GOAL OF THE EXERCISE> What is needed is an exact repetition of the lines below, from the first one through the one holding "What did he", with no pictures and nothing else.
--- DATA EXTRACT ---
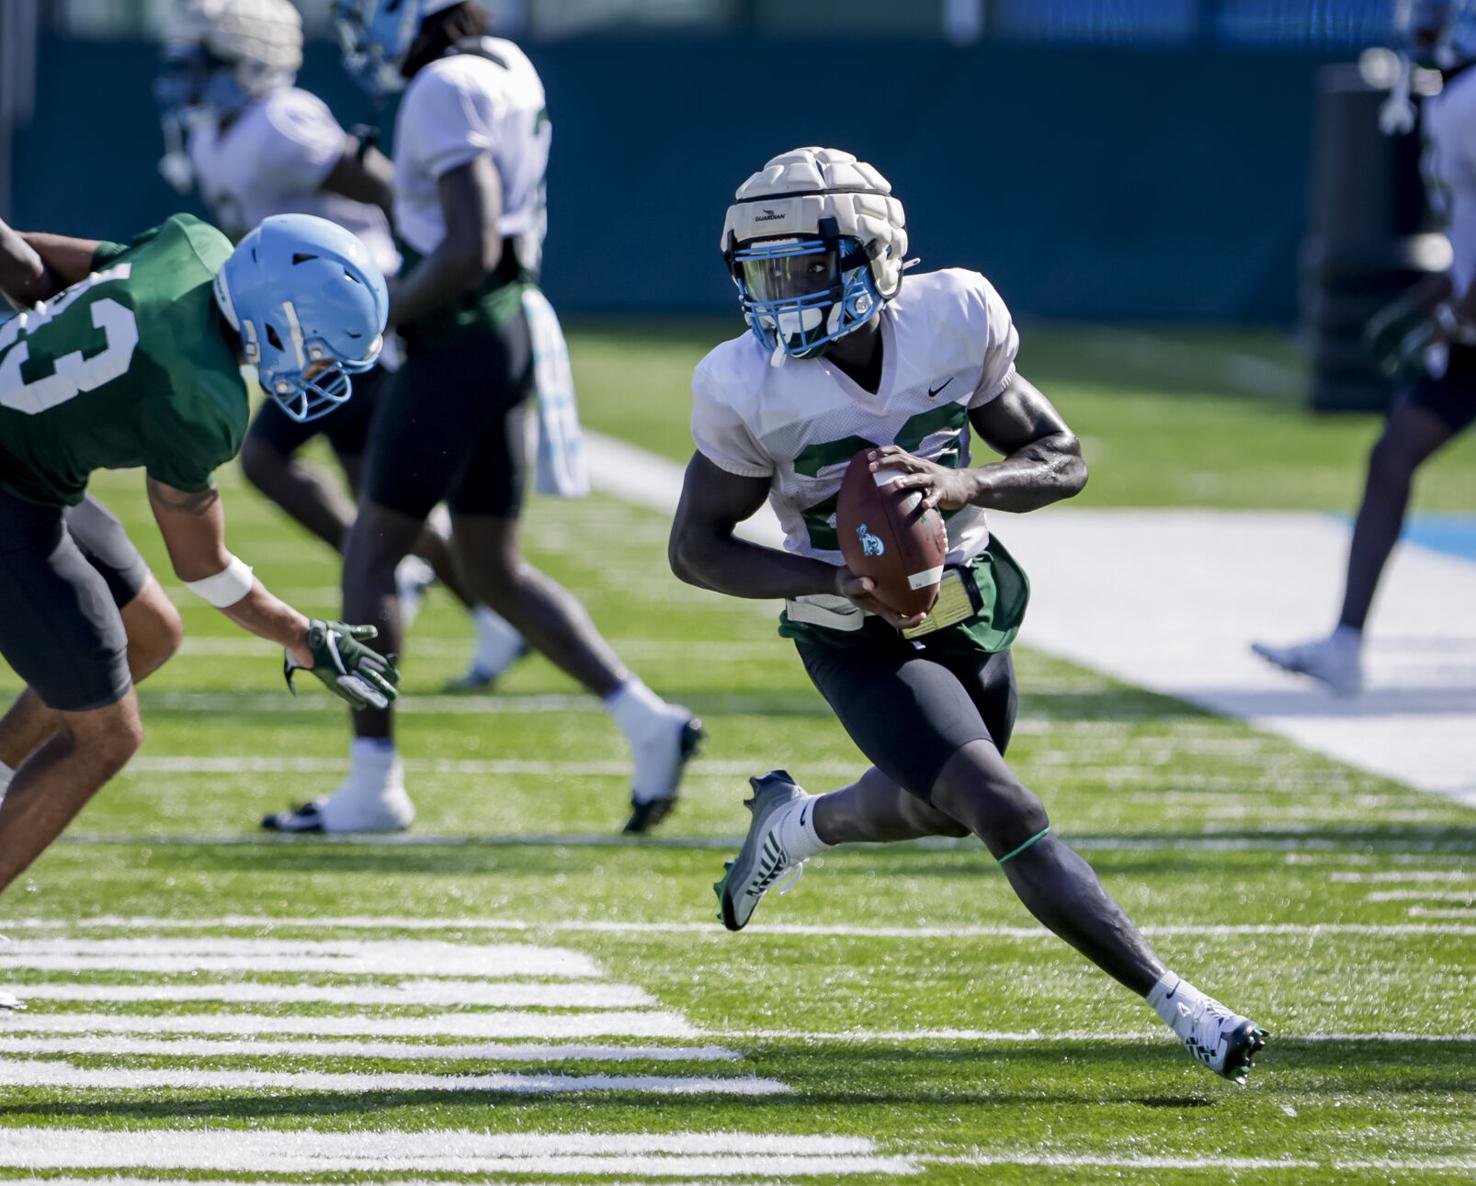 The season is near Evaluating Tulane's depth chart by position
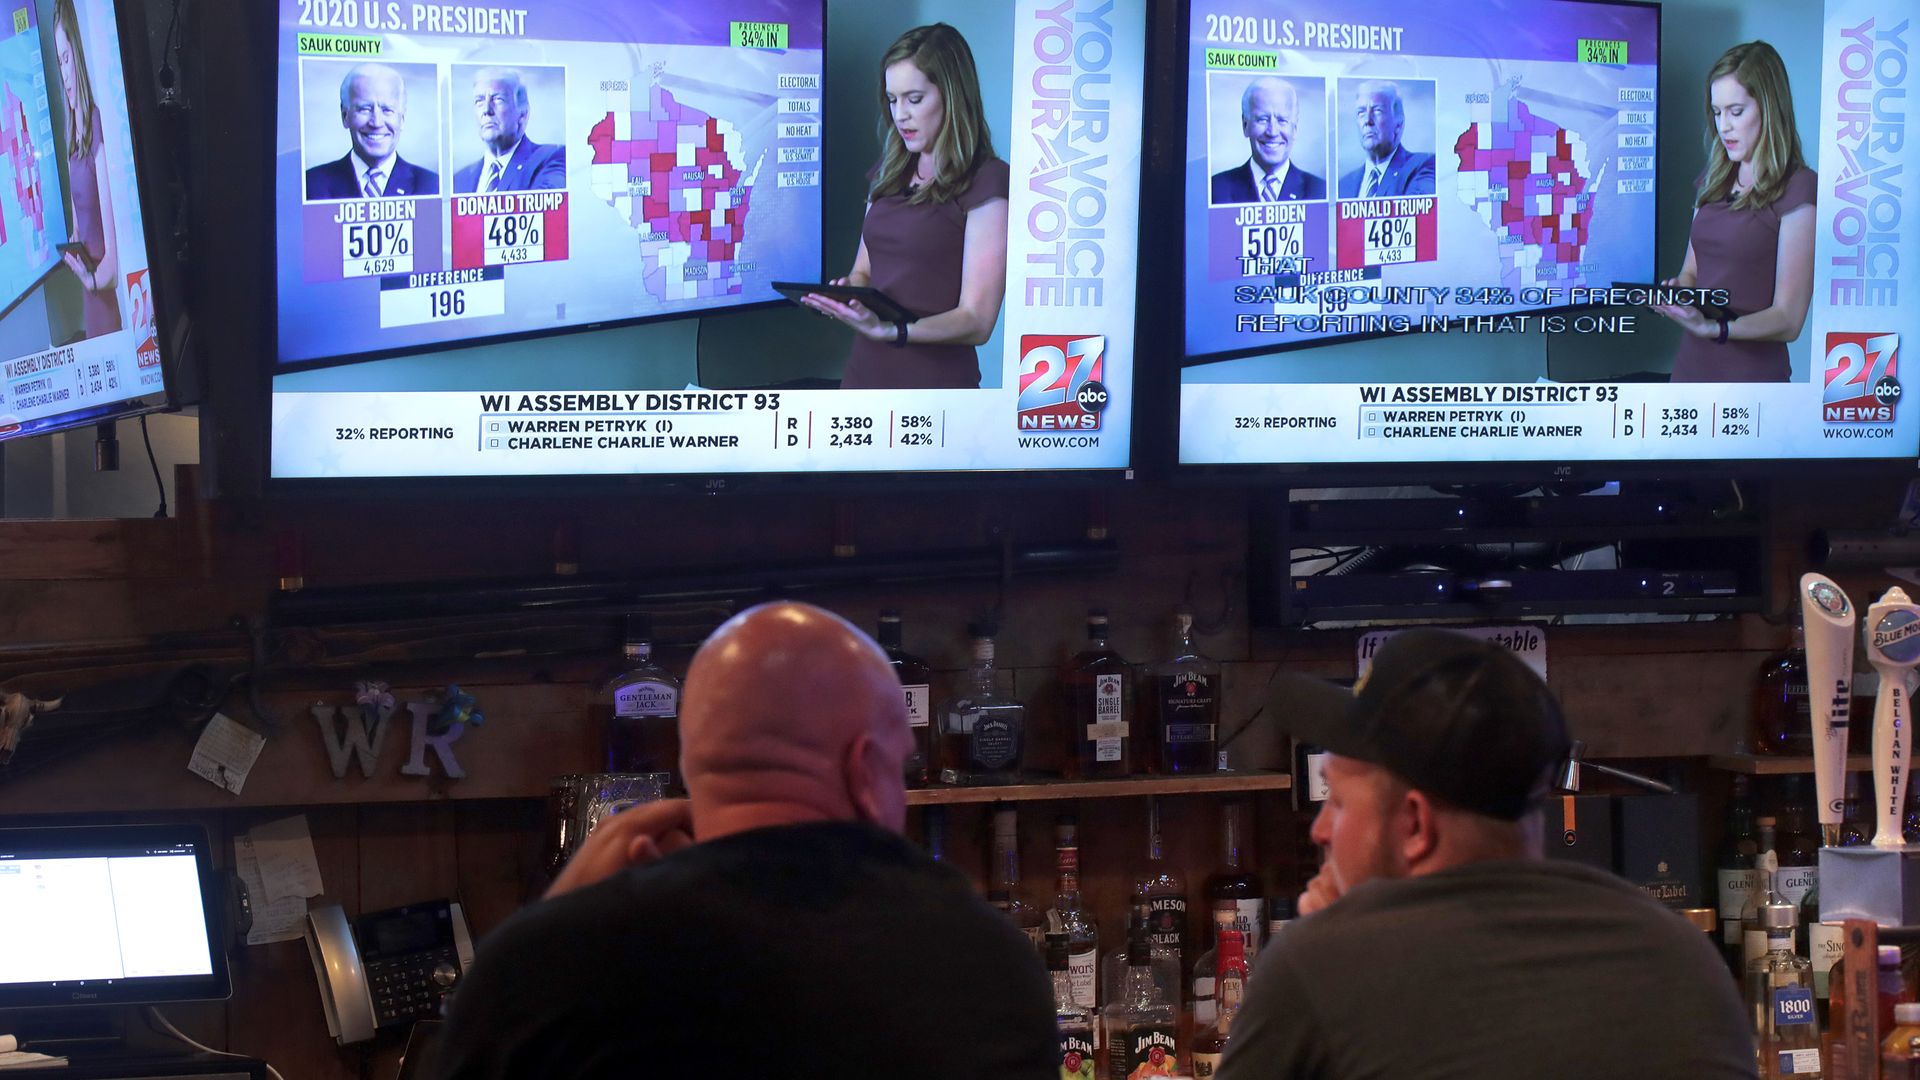 Two men sit at a bar in front of TV screens showing an electoral map of the United States
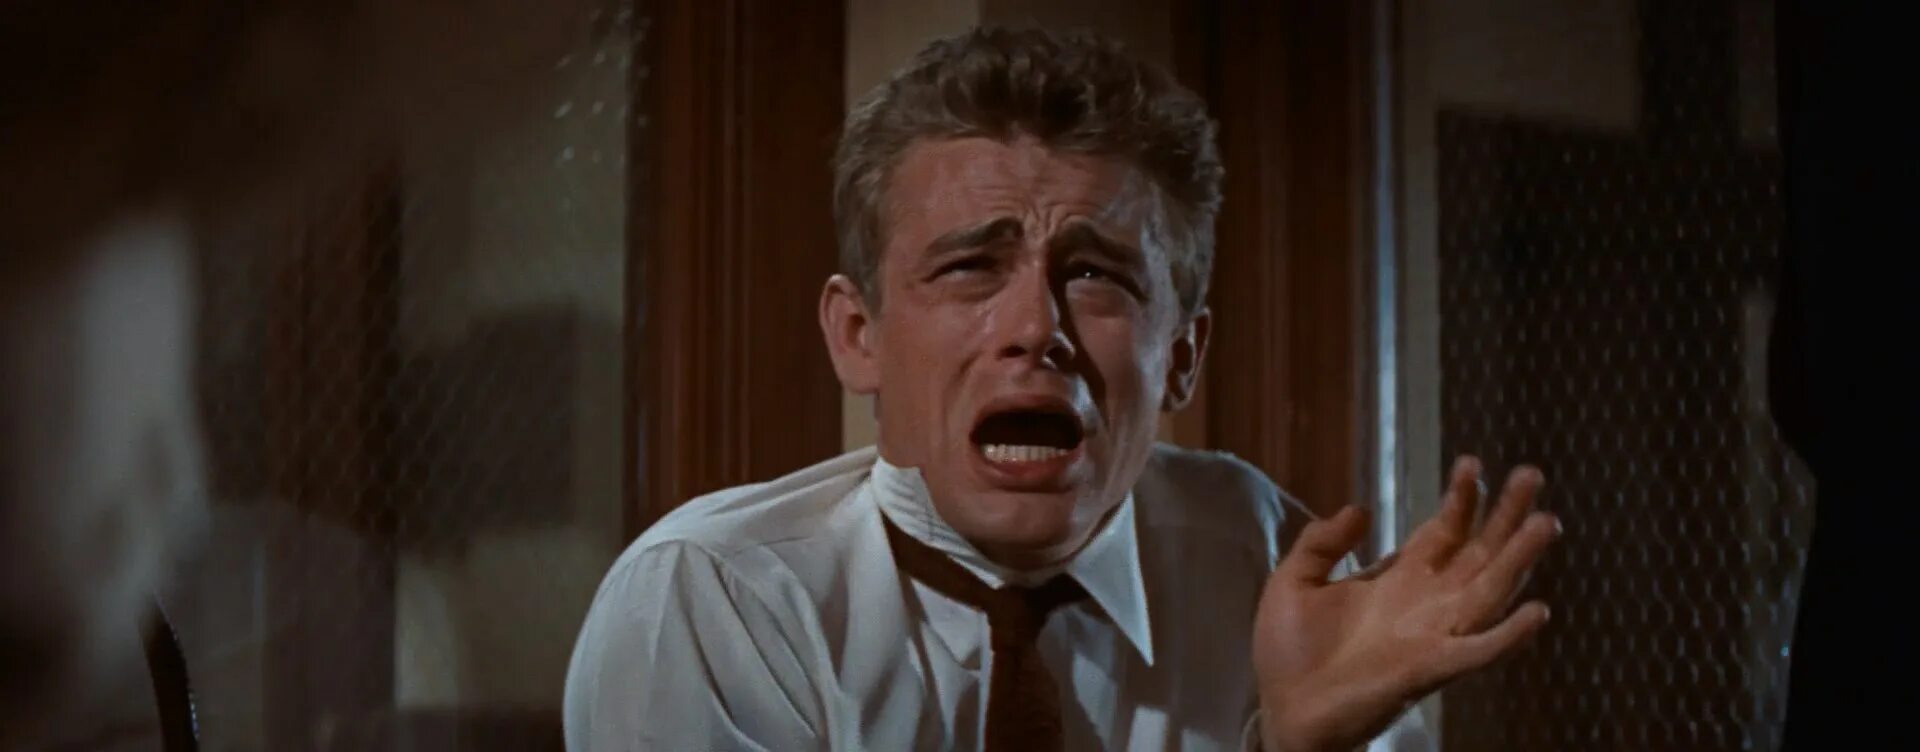 What did he mean. You tearing me Apart. You tearing me Apart James Dean. You are tearing me Apart.
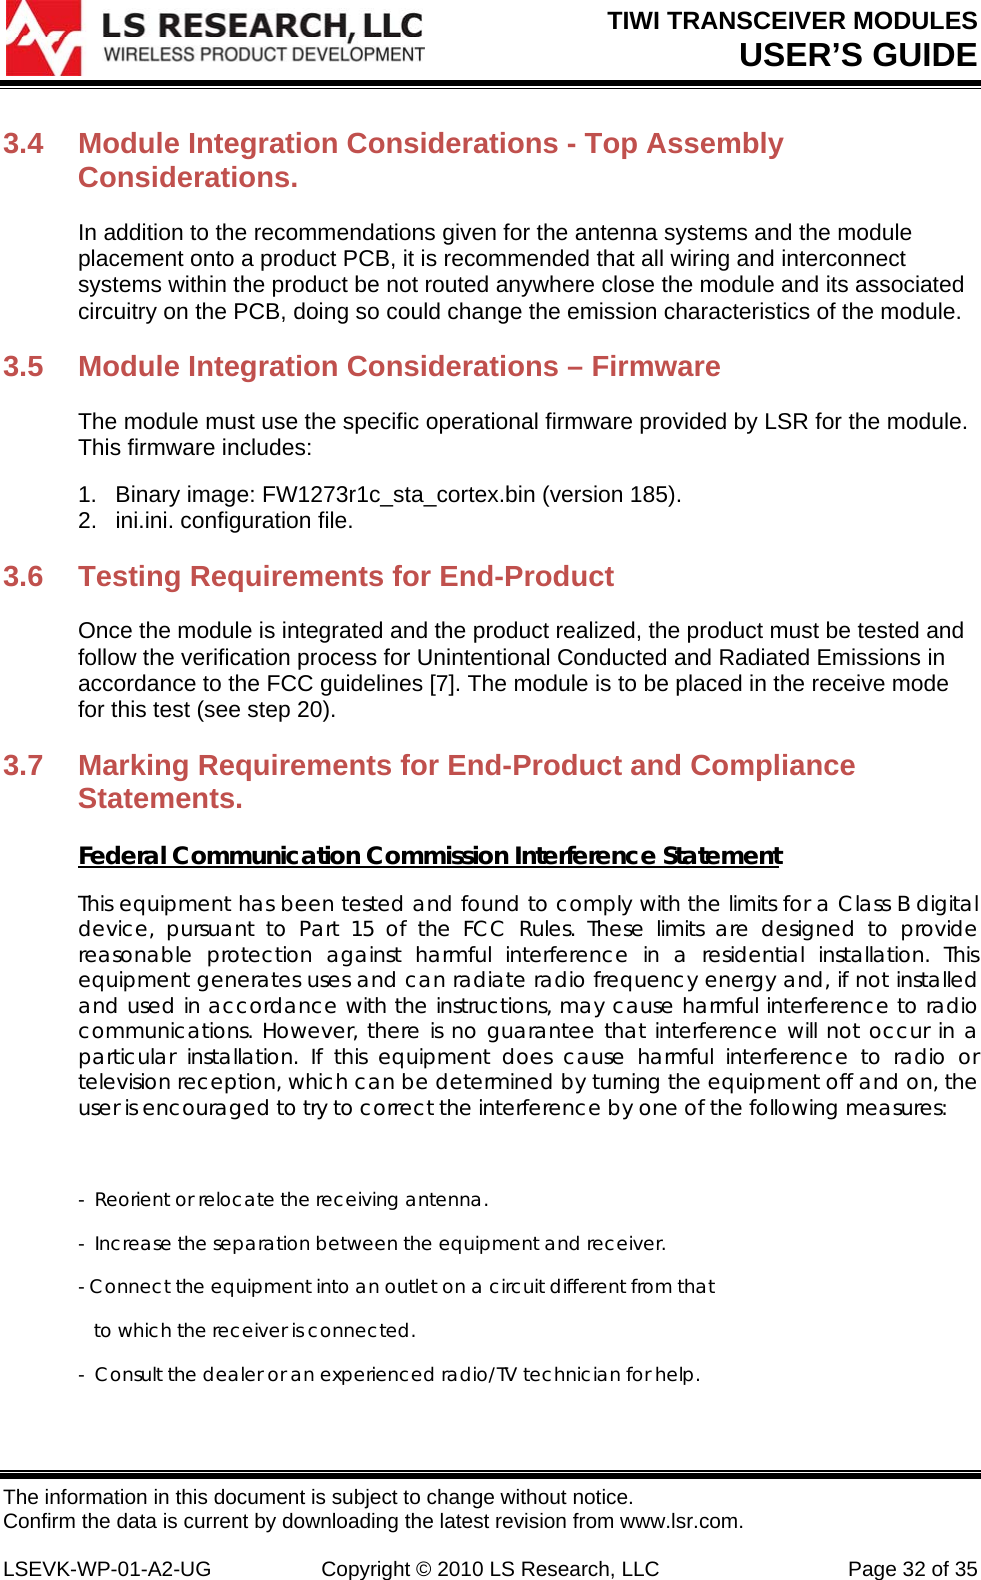 TIWI TRANSCEIVER MODULES USER’S GUIDE The information in this document is subject to change without notice. Confirm the data is current by downloading the latest revision from www.lsr.com.  LSEVK-WP-01-A2-UG  Copyright © 2010 LS Research, LLC  Page 32 of 35 3.4  Module Integration Considerations - Top Assembly Considerations.  In addition to the recommendations given for the antenna systems and the module placement onto a product PCB, it is recommended that all wiring and interconnect systems within the product be not routed anywhere close the module and its associated circuitry on the PCB, doing so could change the emission characteristics of the module.  3.5  Module Integration Considerations – Firmware The module must use the specific operational firmware provided by LSR for the module. This firmware includes: 1.  Binary image: FW1273r1c_sta_cortex.bin (version 185).  2.  ini.ini. configuration file.  3.6  Testing Requirements for End-Product Once the module is integrated and the product realized, the product must be tested and follow the verification process for Unintentional Conducted and Radiated Emissions in accordance to the FCC guidelines [7]. The module is to be placed in the receive mode for this test (see step 20).  3.7  Marking Requirements for End-Product and Compliance Statements.  Federal Communication Commission Interference Statement This equipment has been tested and found to comply with the limits for a Class B digital device, pursuant to Part 15 of the FCC Rules. These limits are designed to provide reasonable protection against harmful interference in a residential installation. This equipment generates uses and can radiate radio frequency energy and, if not installed and used in accordance with the instructions, may cause harmful interference to radio communications. However, there is no guarantee that interference will not occur in a particular installation. If this equipment does cause harmful interference to radio or television reception, which can be determined by turning the equipment off and on, the user is encouraged to try to correct the interference by one of the following measures:  -  Reorient or relocate the receiving antenna. -  Increase the separation between the equipment and receiver. - Connect the equipment into an outlet on a circuit different from that     to which the receiver is connected. -  Consult the dealer or an experienced radio/TV technician for help.
---
EXERCISE RESULT>
 The season is near Evaluating Tulane's depth chart by position
 Two men sit at a bar in front of TV screens showing an electoral map of the United States
 What did he mean. You tearing me Apart. You tearing me Apart James Dean. You are tearing me Apart.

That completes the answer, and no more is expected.